**Work instruction**.
Scan the entries below for the word "Grey". Copy out every line in which it occurs.

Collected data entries
'''
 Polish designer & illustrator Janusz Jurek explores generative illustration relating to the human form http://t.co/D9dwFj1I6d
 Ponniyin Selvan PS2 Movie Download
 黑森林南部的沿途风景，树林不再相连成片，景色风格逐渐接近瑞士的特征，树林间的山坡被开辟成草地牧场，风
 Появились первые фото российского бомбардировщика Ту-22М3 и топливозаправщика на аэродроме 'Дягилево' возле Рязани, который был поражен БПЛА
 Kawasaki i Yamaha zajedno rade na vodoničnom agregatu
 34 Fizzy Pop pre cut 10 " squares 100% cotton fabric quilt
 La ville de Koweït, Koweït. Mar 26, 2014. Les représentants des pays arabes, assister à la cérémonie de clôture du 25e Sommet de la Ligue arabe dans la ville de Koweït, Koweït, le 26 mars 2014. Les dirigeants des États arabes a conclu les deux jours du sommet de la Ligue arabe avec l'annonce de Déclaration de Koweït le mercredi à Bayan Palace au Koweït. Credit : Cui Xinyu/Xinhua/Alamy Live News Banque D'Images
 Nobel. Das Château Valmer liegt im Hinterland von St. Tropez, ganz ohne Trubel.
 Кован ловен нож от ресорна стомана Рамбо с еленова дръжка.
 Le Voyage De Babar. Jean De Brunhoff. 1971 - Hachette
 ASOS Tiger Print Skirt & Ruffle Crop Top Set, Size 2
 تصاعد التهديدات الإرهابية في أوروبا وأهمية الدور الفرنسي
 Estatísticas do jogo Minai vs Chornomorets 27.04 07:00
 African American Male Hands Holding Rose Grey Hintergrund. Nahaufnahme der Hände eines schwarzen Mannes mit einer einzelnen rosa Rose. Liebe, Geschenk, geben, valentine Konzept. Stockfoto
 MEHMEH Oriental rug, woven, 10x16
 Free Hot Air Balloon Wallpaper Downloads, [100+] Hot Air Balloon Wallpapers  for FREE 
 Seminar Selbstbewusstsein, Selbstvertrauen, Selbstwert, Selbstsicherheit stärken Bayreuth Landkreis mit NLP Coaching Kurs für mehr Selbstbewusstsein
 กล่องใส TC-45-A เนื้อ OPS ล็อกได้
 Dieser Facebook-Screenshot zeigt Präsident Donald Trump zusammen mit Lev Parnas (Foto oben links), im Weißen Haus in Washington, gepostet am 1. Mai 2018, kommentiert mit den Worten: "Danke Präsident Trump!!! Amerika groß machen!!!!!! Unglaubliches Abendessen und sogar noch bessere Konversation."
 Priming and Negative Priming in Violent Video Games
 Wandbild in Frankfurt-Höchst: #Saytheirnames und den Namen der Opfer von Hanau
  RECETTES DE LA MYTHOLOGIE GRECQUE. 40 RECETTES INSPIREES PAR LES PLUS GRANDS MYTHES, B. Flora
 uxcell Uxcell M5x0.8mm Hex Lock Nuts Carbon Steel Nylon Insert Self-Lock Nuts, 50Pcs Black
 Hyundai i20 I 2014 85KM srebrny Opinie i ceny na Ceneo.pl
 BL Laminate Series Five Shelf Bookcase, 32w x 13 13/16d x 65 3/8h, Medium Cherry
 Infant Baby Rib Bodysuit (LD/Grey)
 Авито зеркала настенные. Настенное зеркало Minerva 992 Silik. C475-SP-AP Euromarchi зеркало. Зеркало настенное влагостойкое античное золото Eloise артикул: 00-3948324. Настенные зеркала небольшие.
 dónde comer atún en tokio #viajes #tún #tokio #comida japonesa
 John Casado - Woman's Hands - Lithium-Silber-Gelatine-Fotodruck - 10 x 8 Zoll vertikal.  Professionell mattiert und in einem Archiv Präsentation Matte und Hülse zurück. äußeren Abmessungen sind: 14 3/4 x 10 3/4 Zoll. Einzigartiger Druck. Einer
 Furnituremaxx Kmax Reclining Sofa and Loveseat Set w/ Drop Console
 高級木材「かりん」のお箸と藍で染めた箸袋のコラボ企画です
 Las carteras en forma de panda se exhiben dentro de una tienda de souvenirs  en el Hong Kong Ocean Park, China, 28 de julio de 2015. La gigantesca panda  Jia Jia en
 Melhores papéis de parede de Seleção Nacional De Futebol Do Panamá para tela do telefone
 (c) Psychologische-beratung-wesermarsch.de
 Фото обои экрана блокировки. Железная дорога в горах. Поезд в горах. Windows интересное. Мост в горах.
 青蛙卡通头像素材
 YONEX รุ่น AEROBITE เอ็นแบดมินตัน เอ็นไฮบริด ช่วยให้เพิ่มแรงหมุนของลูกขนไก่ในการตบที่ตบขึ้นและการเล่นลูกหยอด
'''
**Solution for this problem**.
 African American Male Hands Holding Rose Grey Hintergrund. Nahaufnahme der Hände eines schwarzen Mannes mit einer einzelnen rosa Rose. Liebe, Geschenk, geben, valentine Konzept. Stockfoto
 Infant Baby Rib Bodysuit (LD/Grey)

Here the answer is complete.